* DATA PROVIDED:
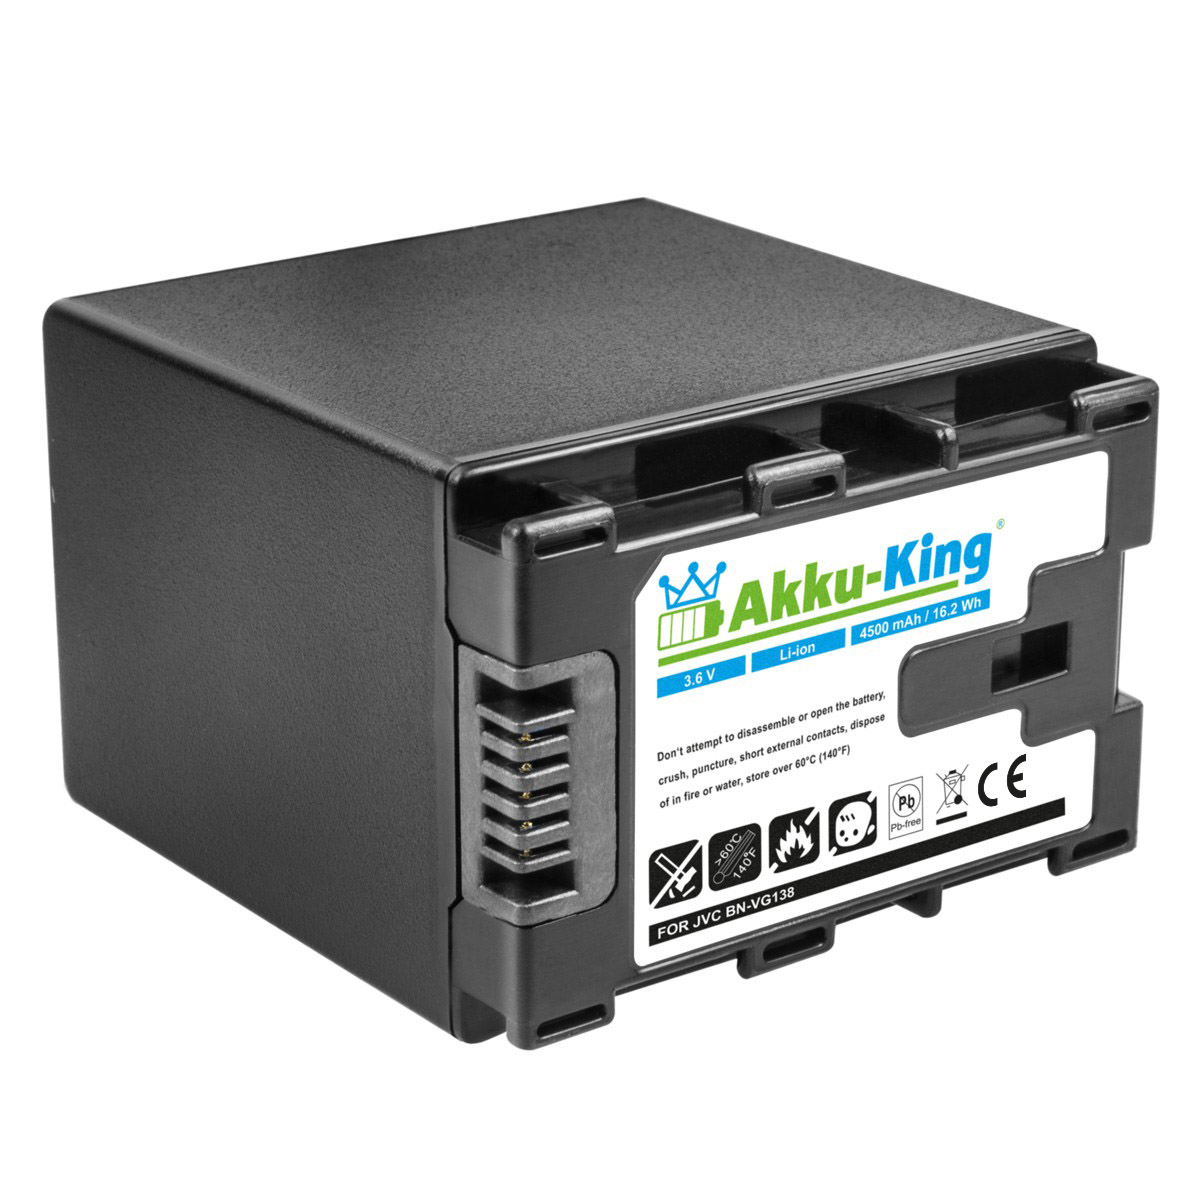 AKKU-KING Akku kompatibel mit Volt, JVC 3.6 BN-VG138 Li-Ion 4500mAh Kamera-Akku
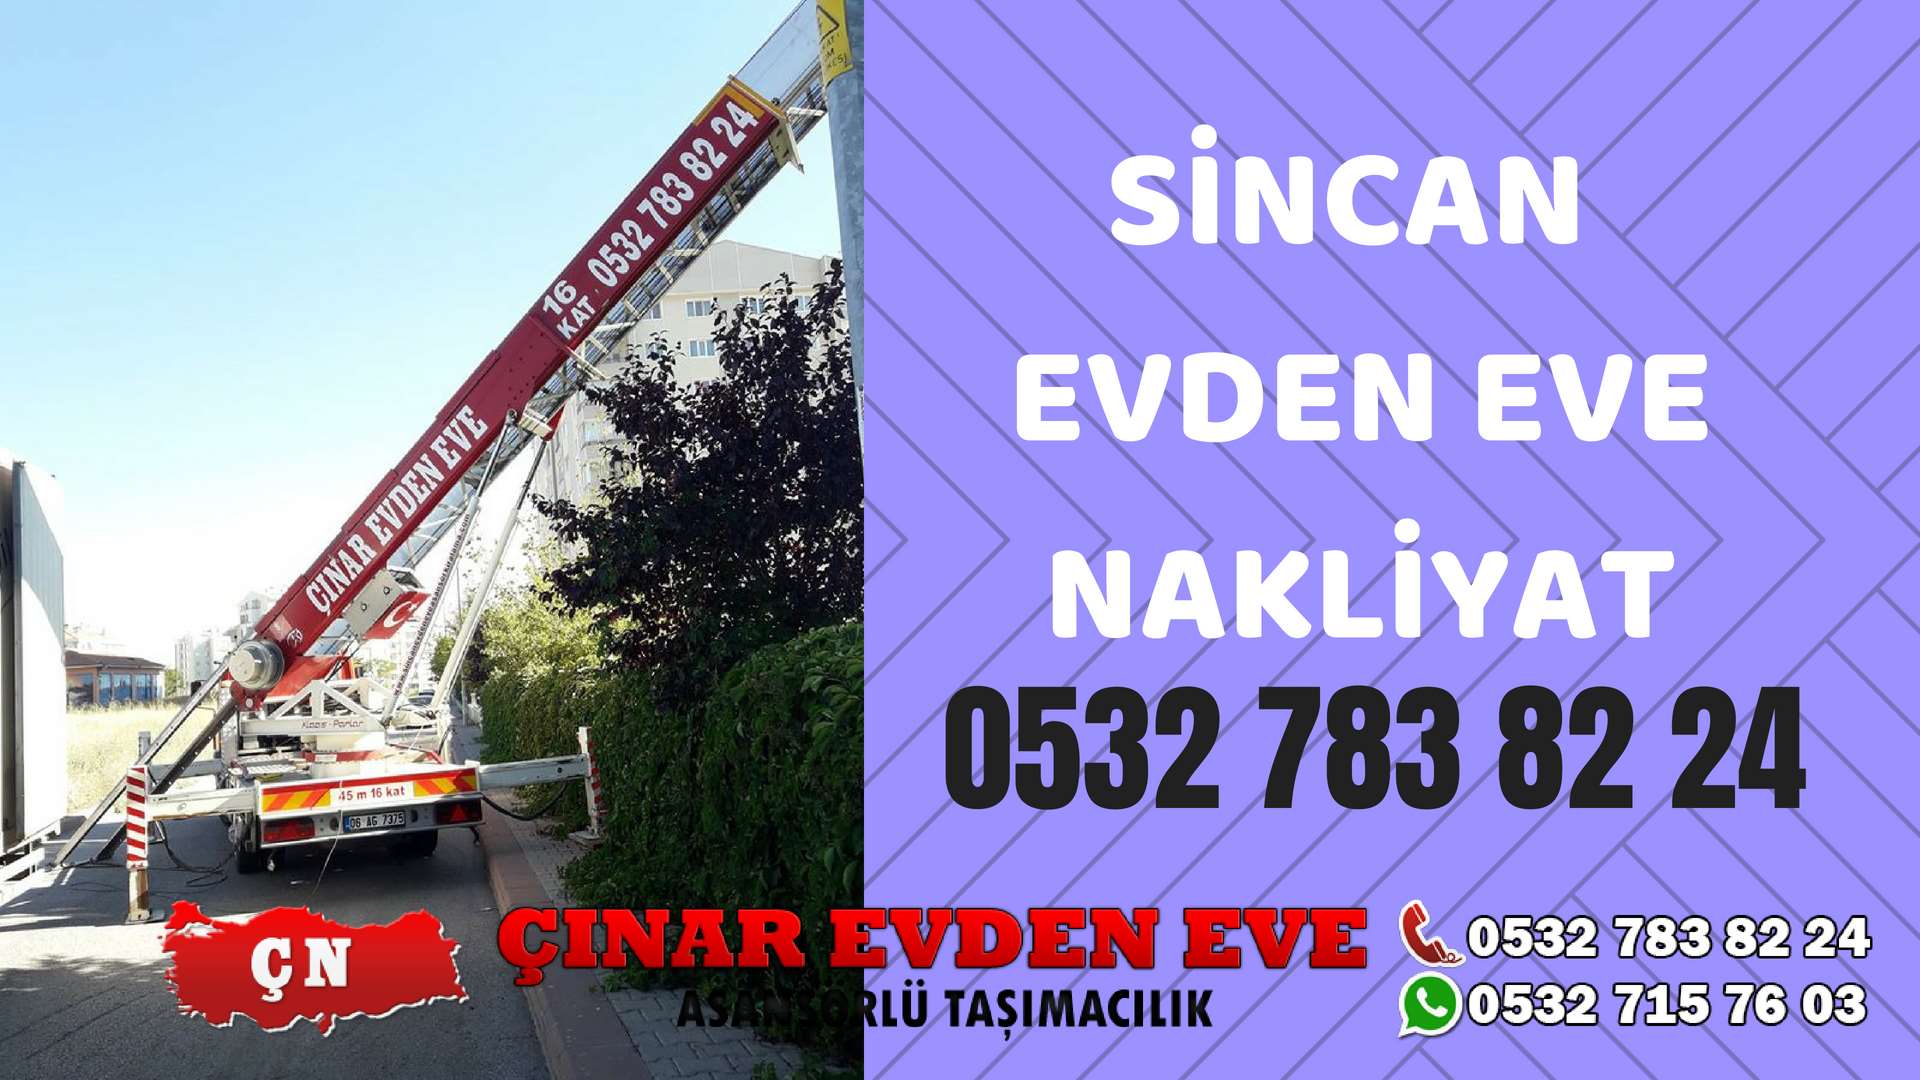 Ankara Kazan Sincan Evden Eve Nakliyat, Asansörlü Taşıma Çınar Nakliyat Sincan 0532 715 76 03
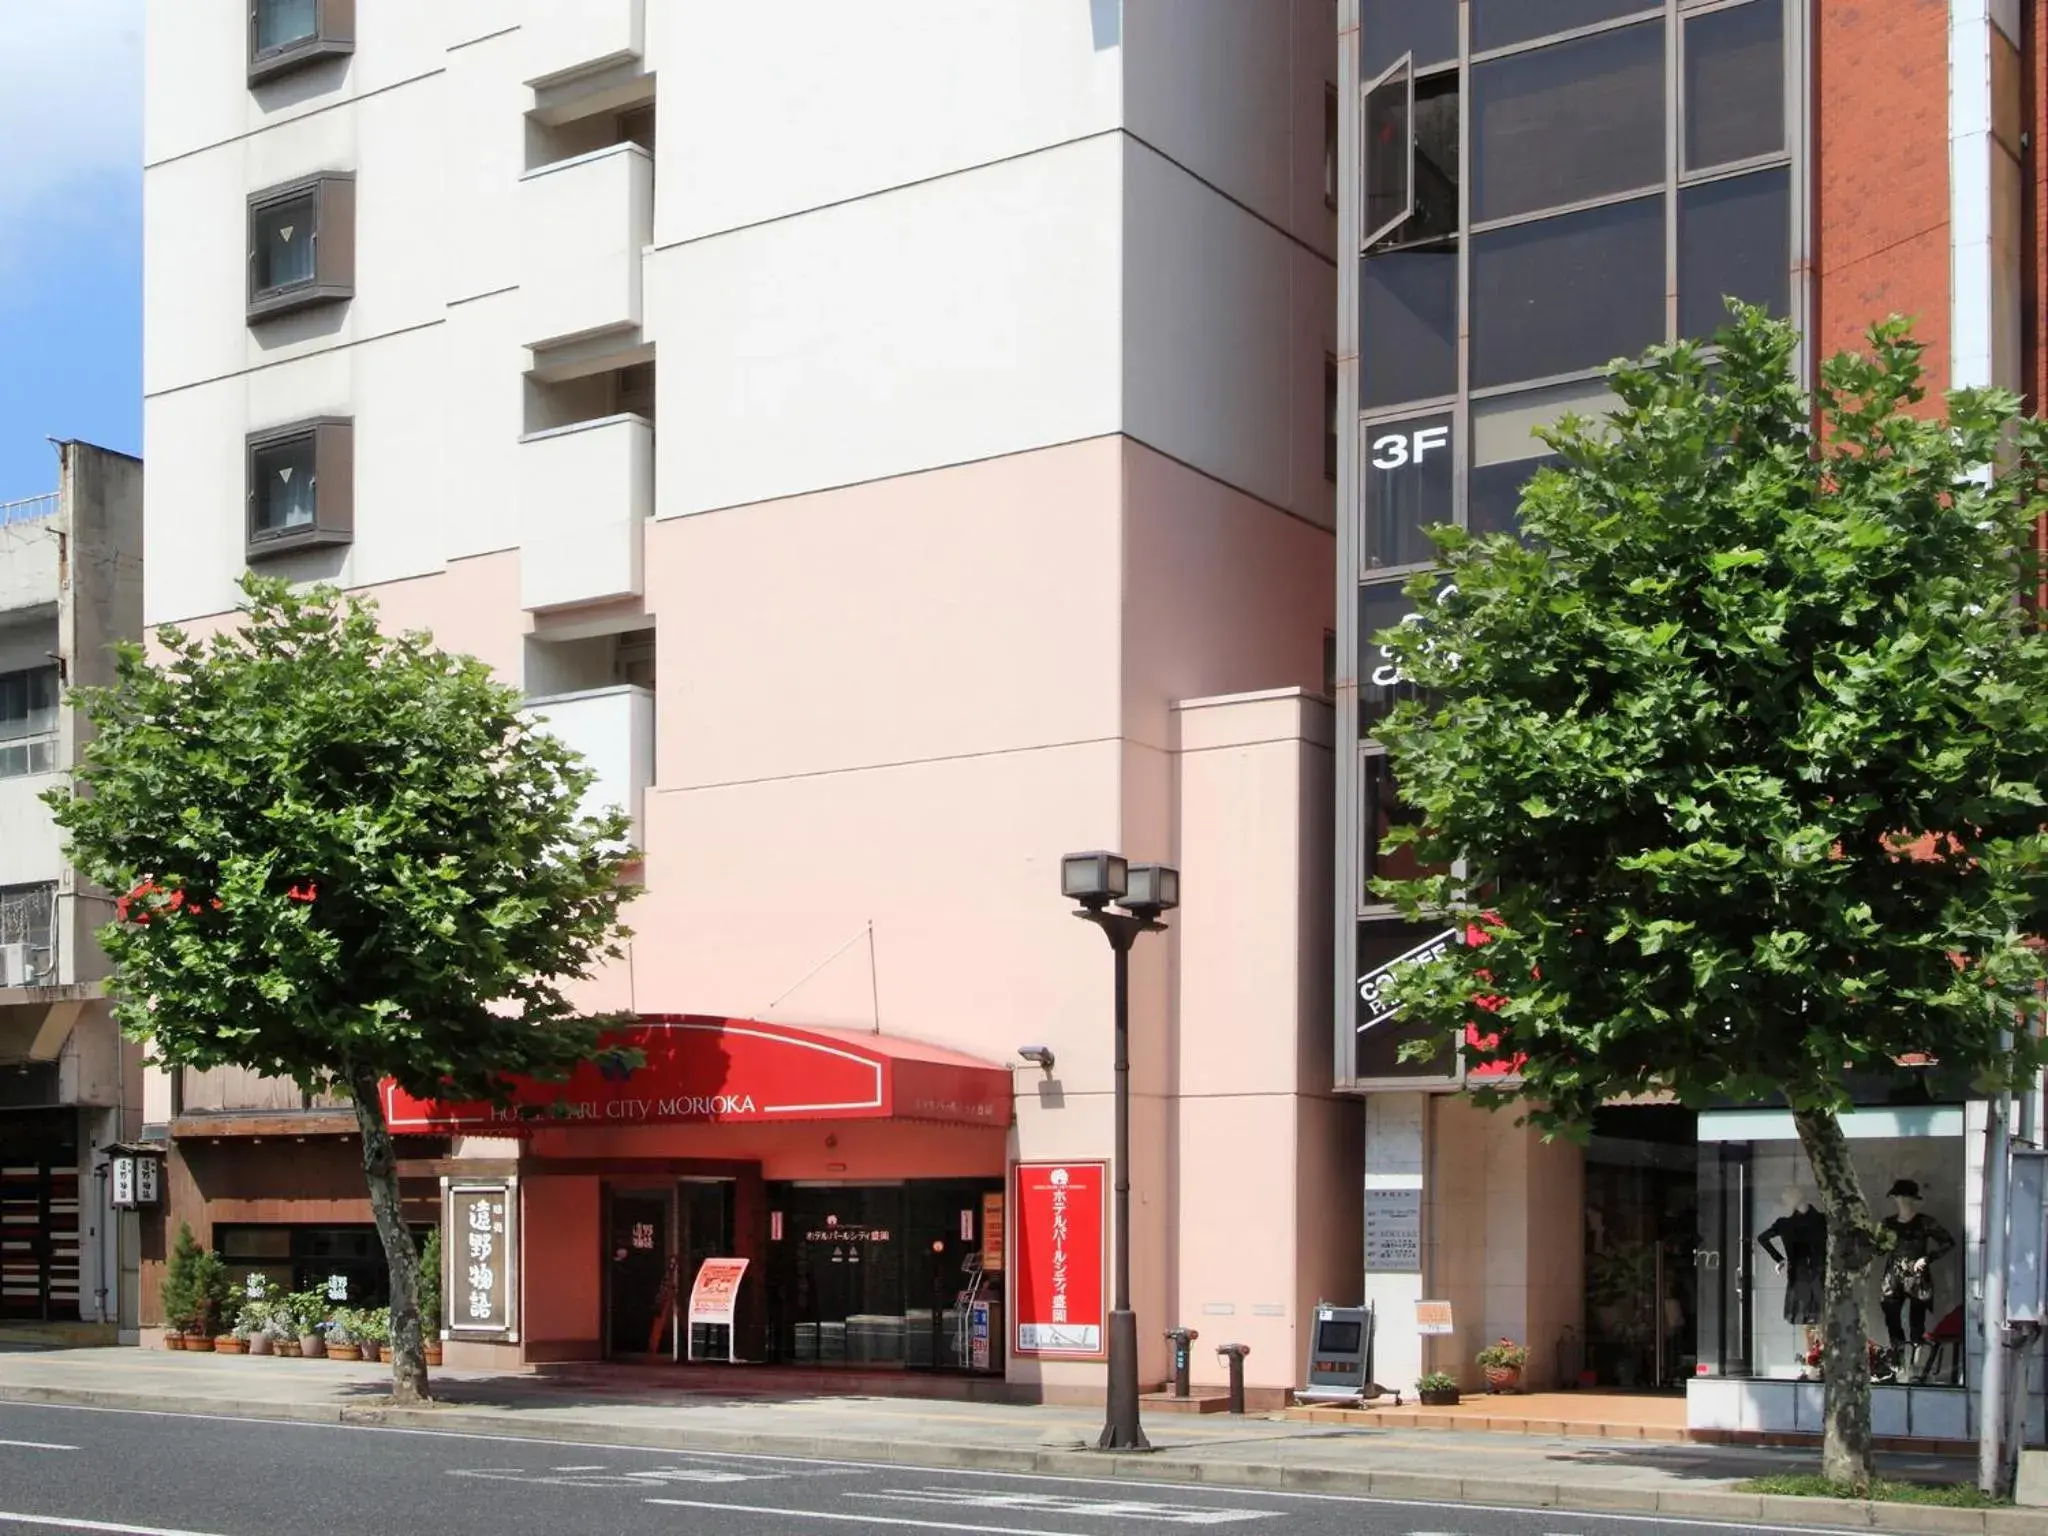 Facade/entrance, Property Building in Hotel Pearl City Morioka

* DIRECTIONS FOR THIS TASK:
When you reach an image, pass over it, and retype all other material exactly.

* REPLY:
 AKKU-KING Akku kompatibel mit Volt, JVC 3.6 BN-VG138 Li-Ion 4500mAh Kamera-Akku
 Ankara Kazan Sincan Evden Eve Nakliyat, Asansörlü Taşıma Çınar Nakliyat Sincan 0532 715 76 03
 Facade/entrance, Property Building in Hotel Pearl City Morioka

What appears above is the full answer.